Mereka harus diyakinkan bahwa uang yang mereka sumbangkan untuk menyewa penerjemah benar-benar berharga untuk hal ini. “
Jumlah yang tidak memadai dari para penafsir bukan satu-satunya tantangan untuk melayani Muslim tunarungu.
Akan tetapi tantangan lainnya adalah kebanyakan penafsir tidak diajarkan bagaimana membahasa-isyaratkan istilah agama untuk menafsirkan pemikiran dan keyakinan agama.
Untuk mengatasi permasalahan tersebut, Pusat Sosial dan Budaya Qatar bagi Tunarungu telah menyampaikan delegasi pada konferensi internasional pertama Muslim tunarungu padai November lalu dengan kamus bahasa isyarat Islam dengan tebal 376 halaman yang dikembangkan bersama komunitas penerjemah bahasa isyarat Arab lainnya.

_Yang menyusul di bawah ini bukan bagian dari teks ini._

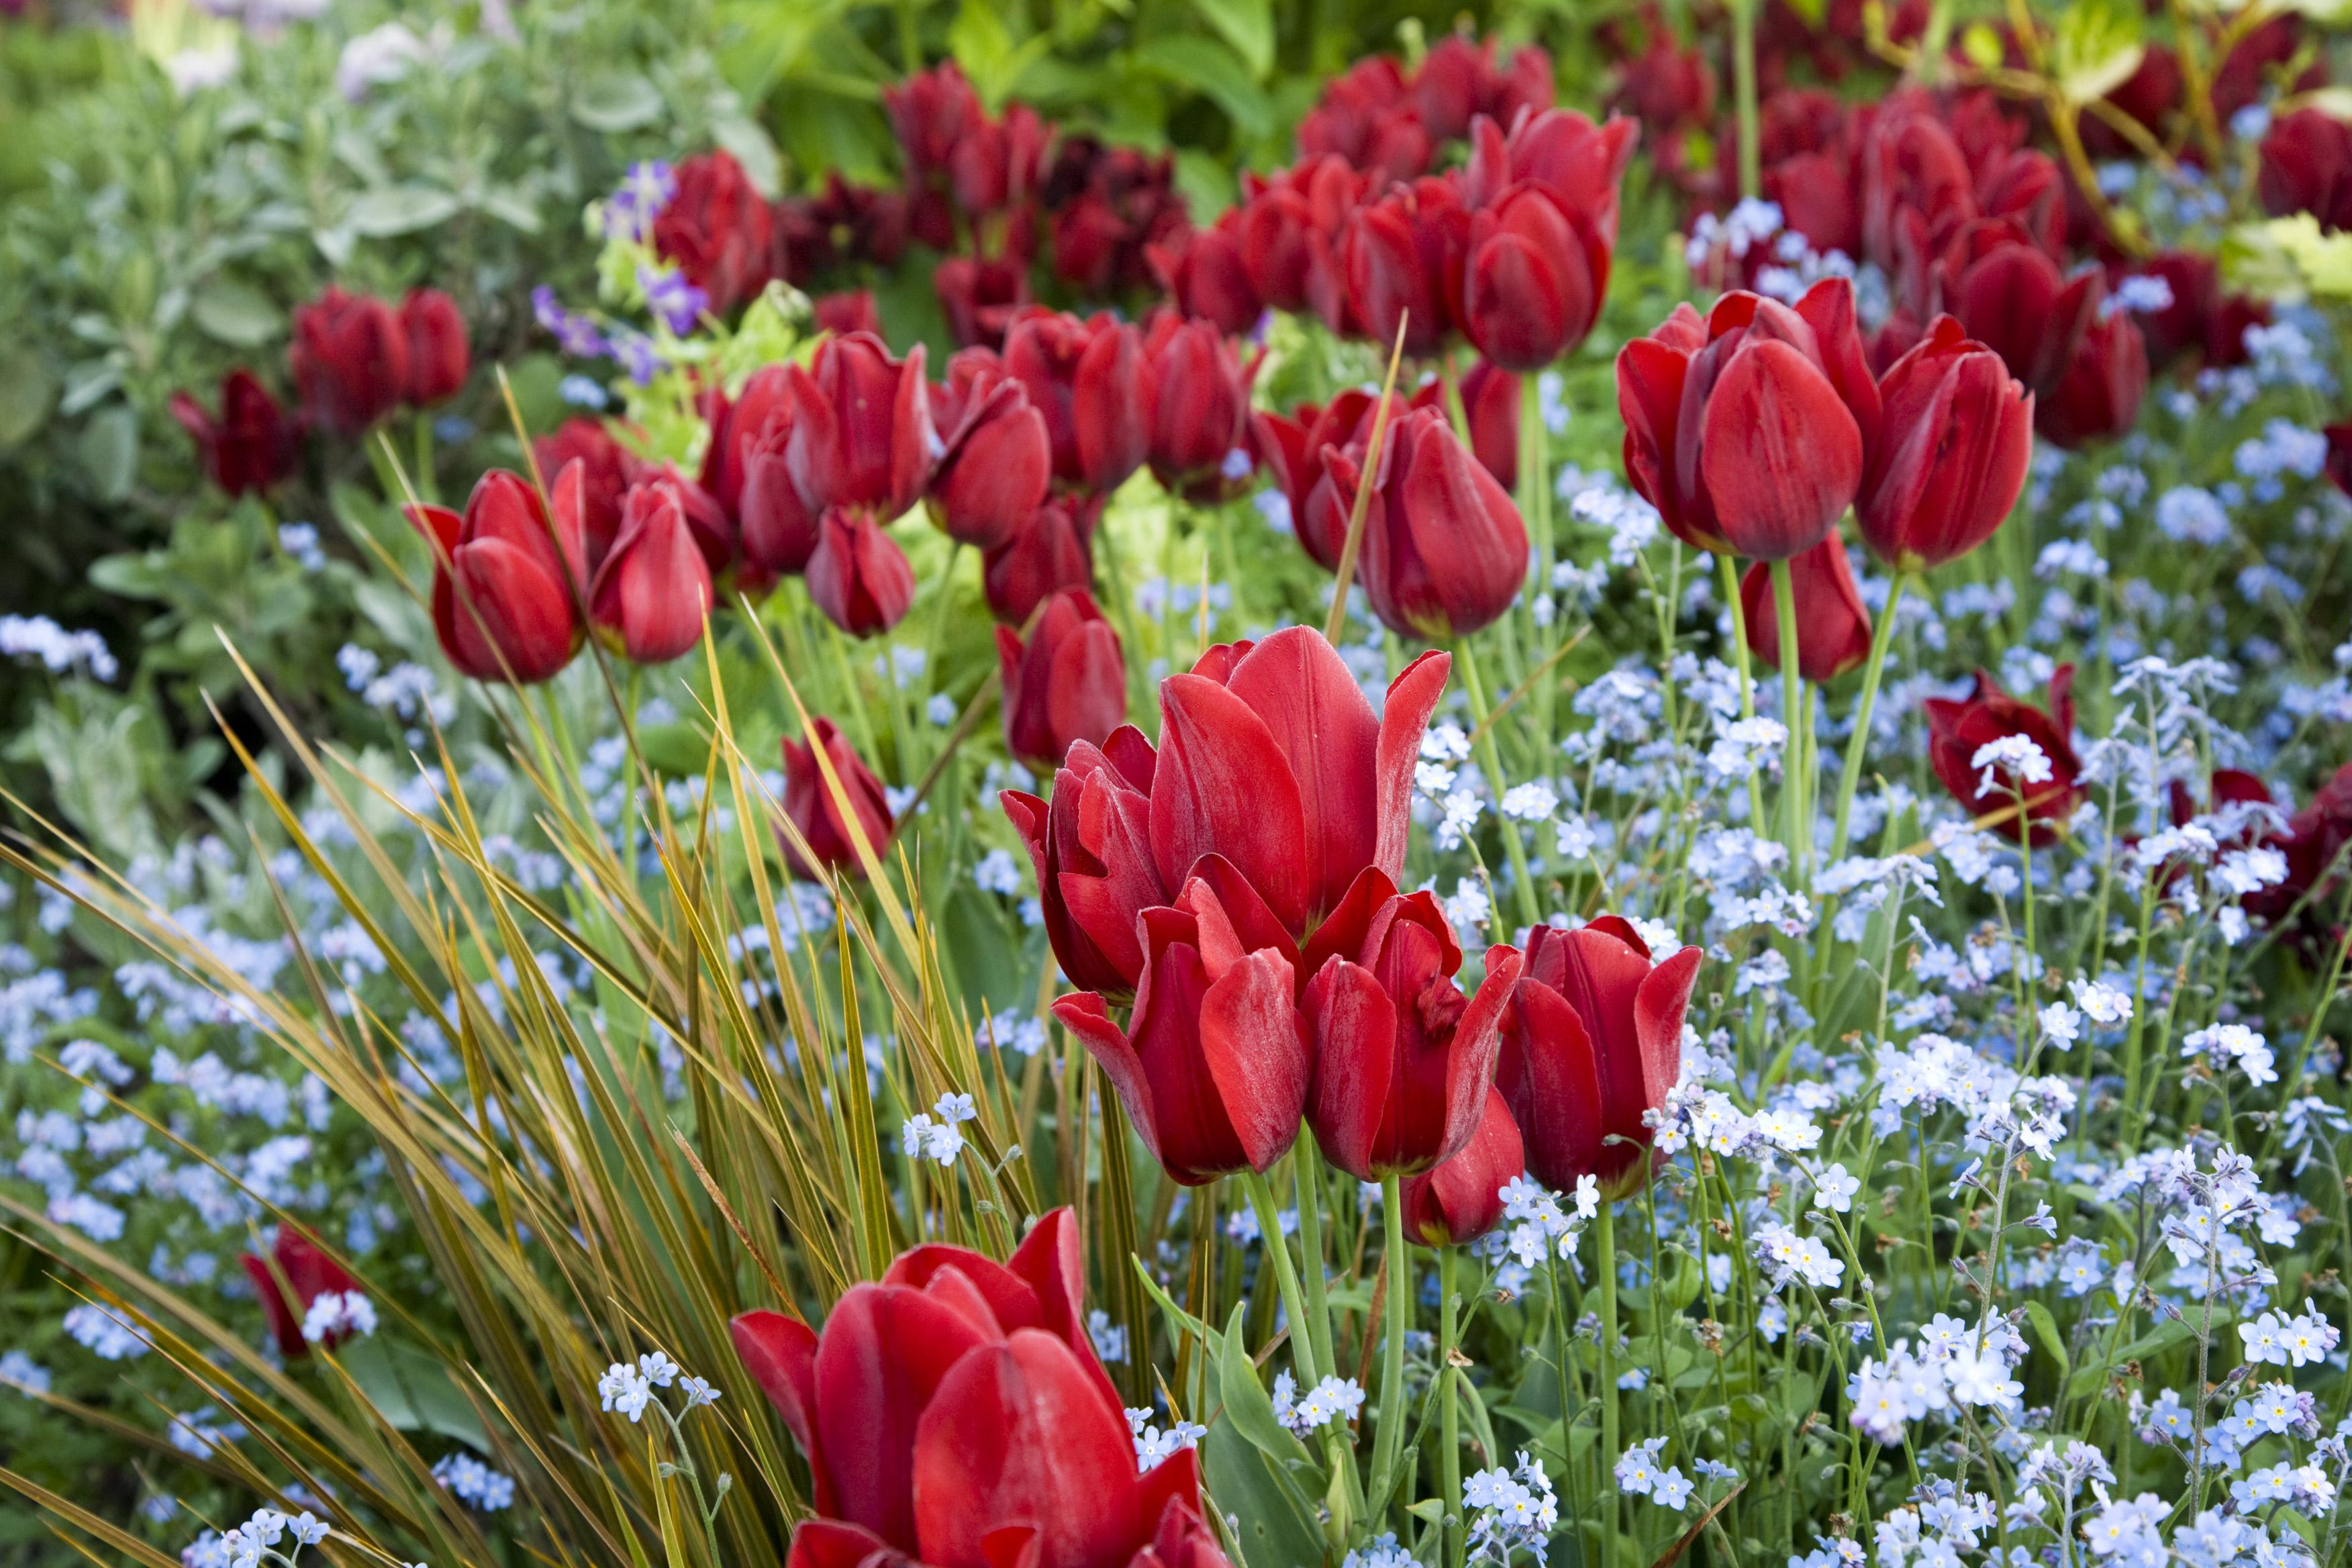 Quelles Fleurs Planter Fin Aout tulipe pluriflore red georgette simple tardive : bulbe à plusieurs fleurs  rouge cardinal | mes tulipes - le guide tulipophile

“Tapi masalah yang dihadapi bagi orang Amerika adalah kurangnya Bahasa Isyarat Arab (Arab Sign Language). Kebanyakan orang Amerika menggunakan Bahasa Isyarat Amerika (American Sign Language). Setiap kamus istilah Islam harus diterima secara universal oleh ummat Islam tunarungu dimana saja berada,” kata Abdulai.
“Selain itu, para sarjana harus mendorong penerjemahan bahasa isyarat sehingga Muslim tunarungu dapat menerima firman Allah dengan pemahaman yang sama seperti muslim lainnya.”